Collected material |
#####

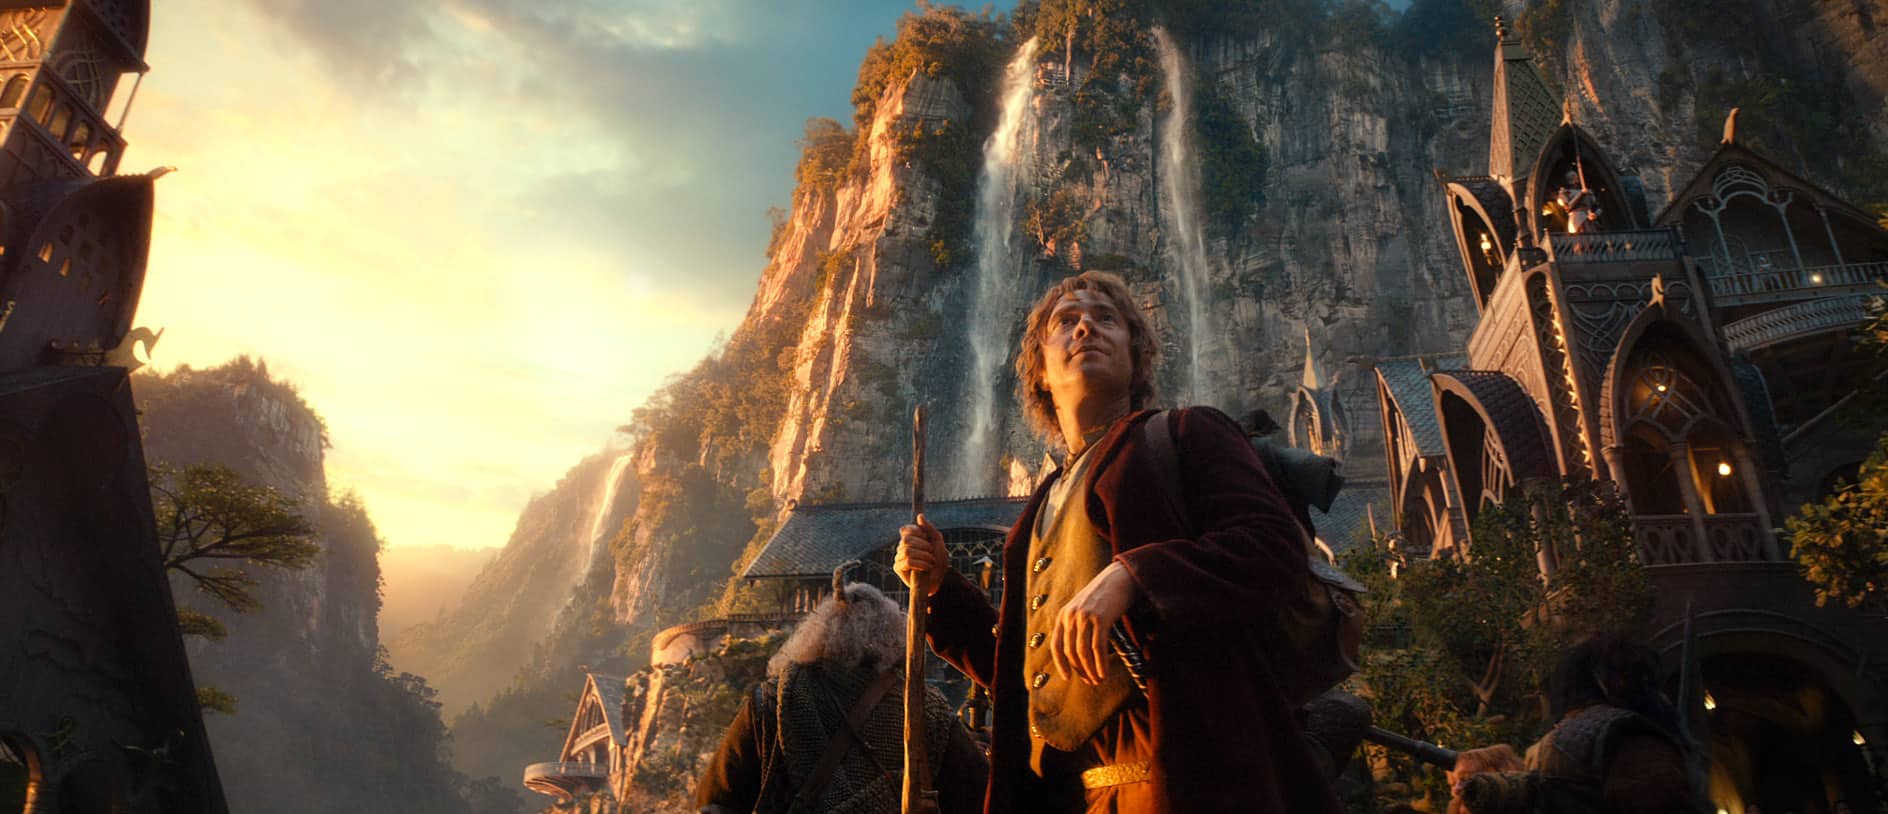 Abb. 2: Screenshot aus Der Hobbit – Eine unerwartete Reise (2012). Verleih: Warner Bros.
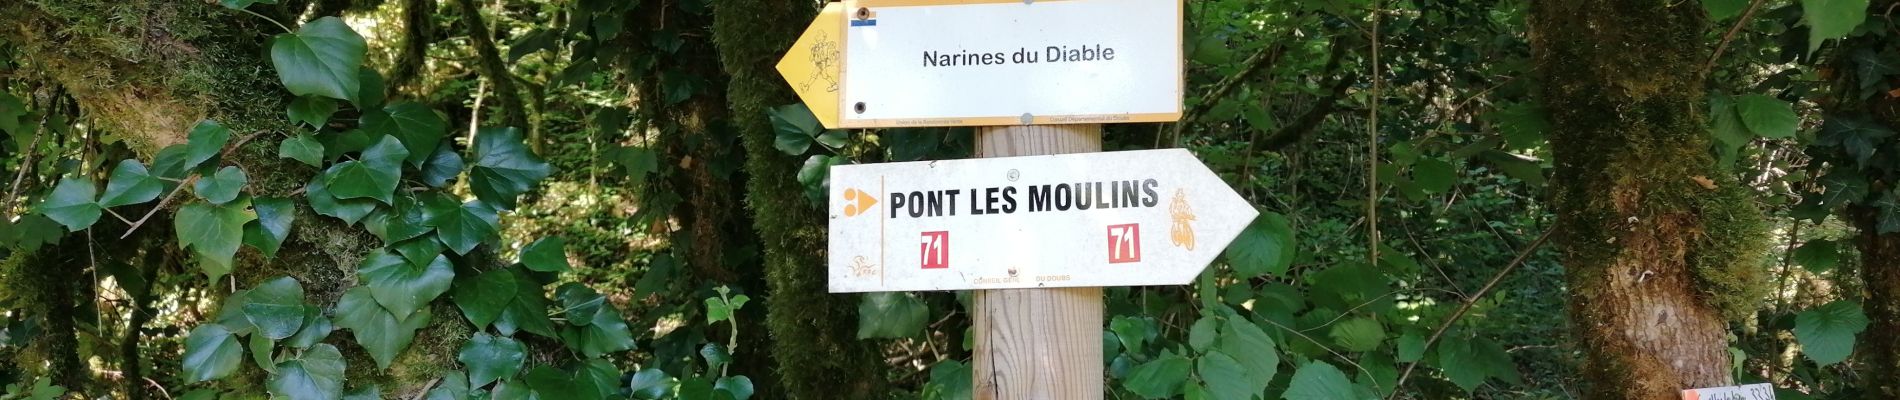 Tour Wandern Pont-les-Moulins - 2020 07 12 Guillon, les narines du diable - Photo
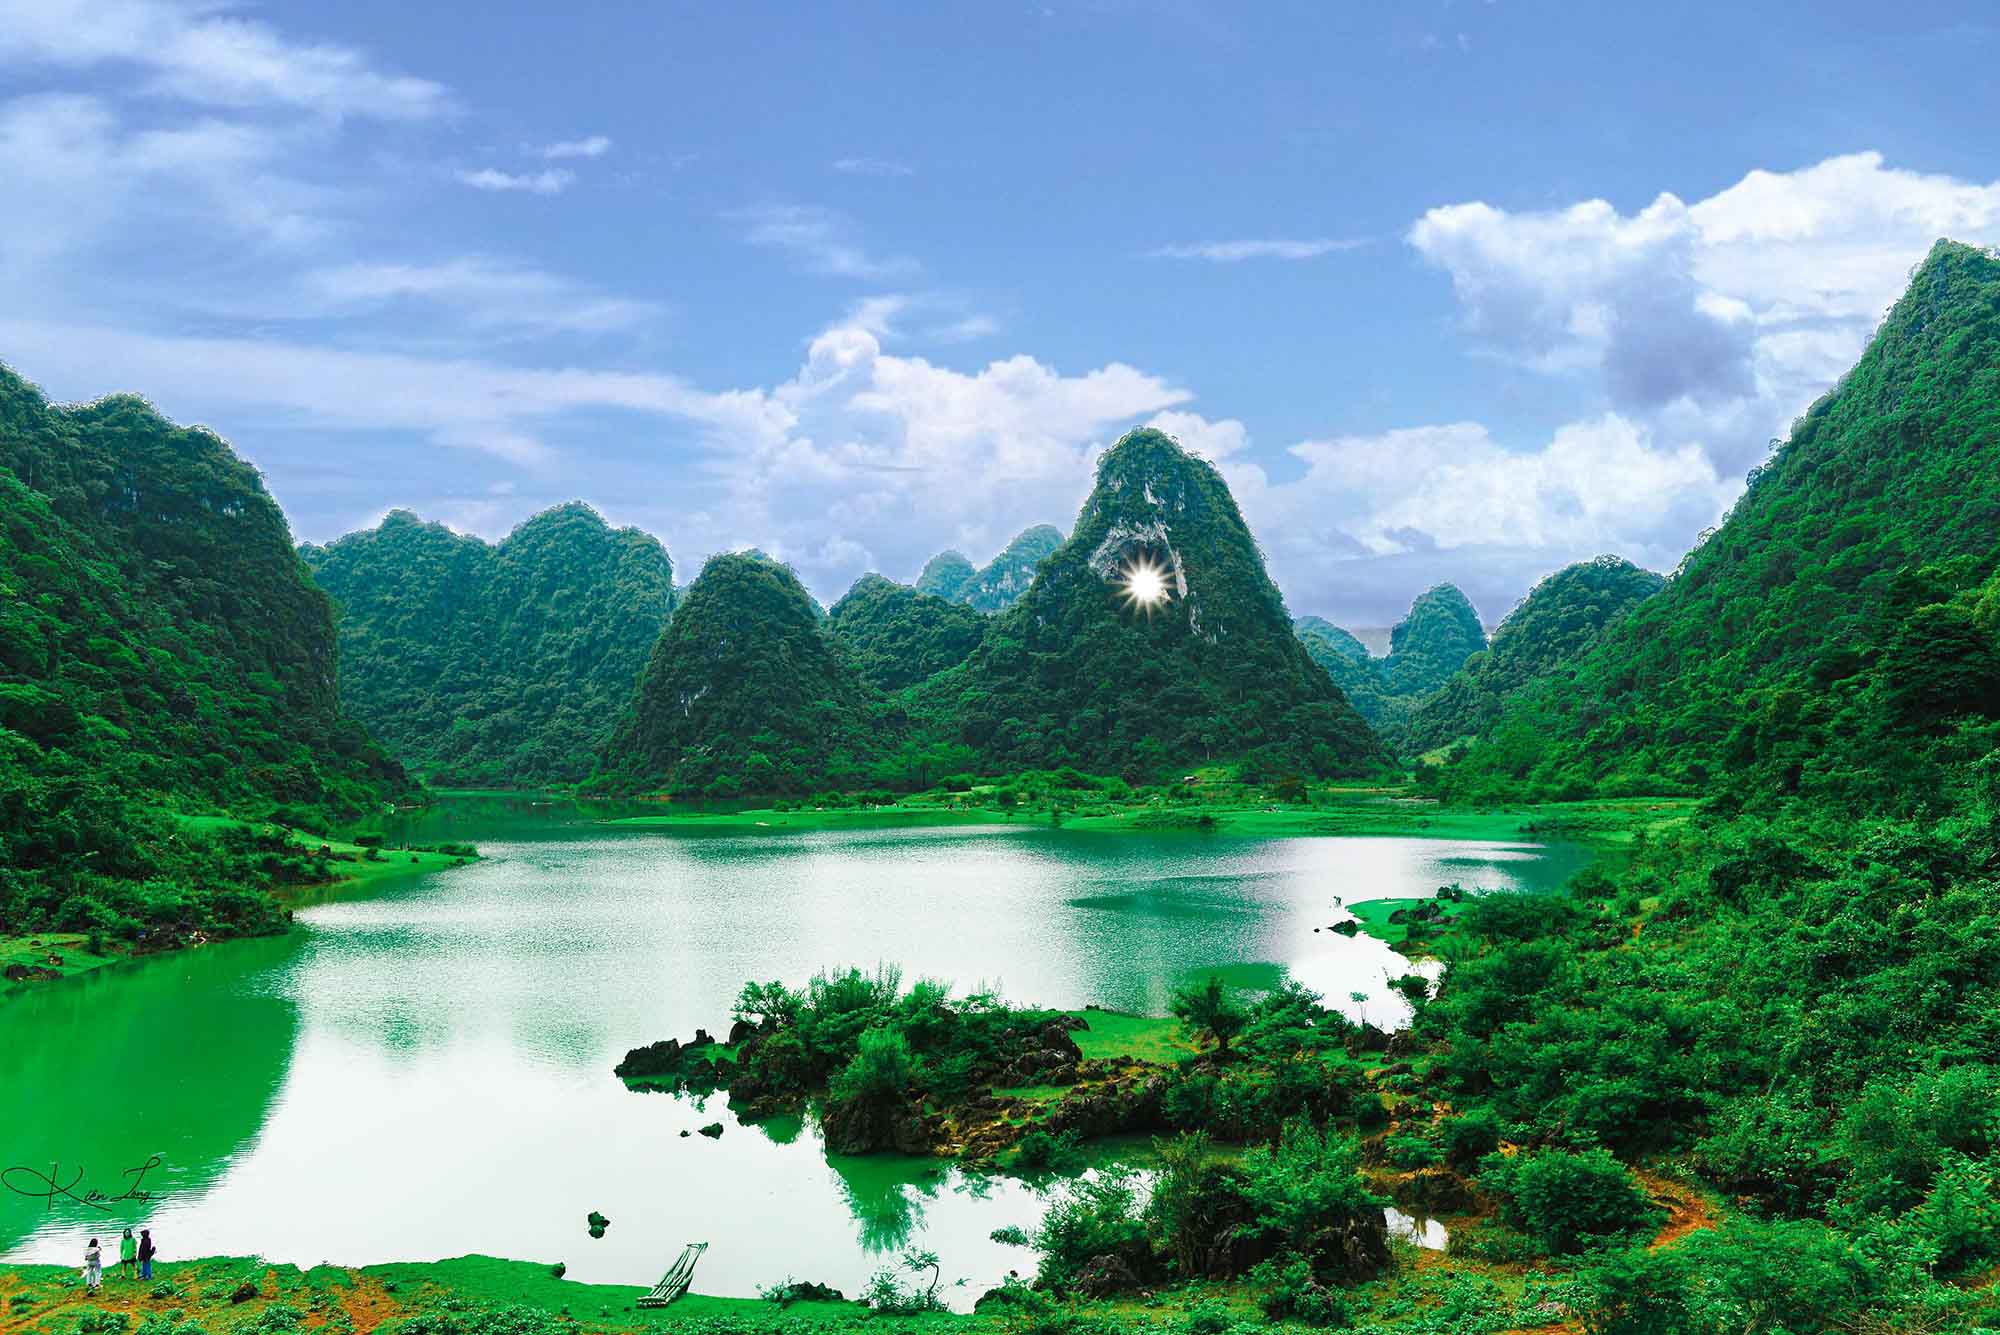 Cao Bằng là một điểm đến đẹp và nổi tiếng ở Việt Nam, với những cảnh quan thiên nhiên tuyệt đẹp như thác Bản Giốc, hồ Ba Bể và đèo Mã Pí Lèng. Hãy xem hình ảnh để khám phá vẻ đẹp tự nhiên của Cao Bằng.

#####

Your task | Copy out the whole listing word for word, except for any picture it includes.

Task answer |
 Abb. 2: Screenshot aus Der Hobbit – Eine unerwartete Reise (2012). Verleih: Warner Bros.
 Tour Wandern Pont-les-Moulins - 2020 07 12 Guillon, les narines du diable - Photo
 Cao Bằng là một điểm đến đẹp và nổi tiếng ở Việt Nam, với những cảnh quan thiên nhiên tuyệt đẹp như thác Bản Giốc, hồ Ba Bể và đèo Mã Pí Lèng. Hãy xem hình ảnh để khám phá vẻ đẹp tự nhiên của Cao Bằng.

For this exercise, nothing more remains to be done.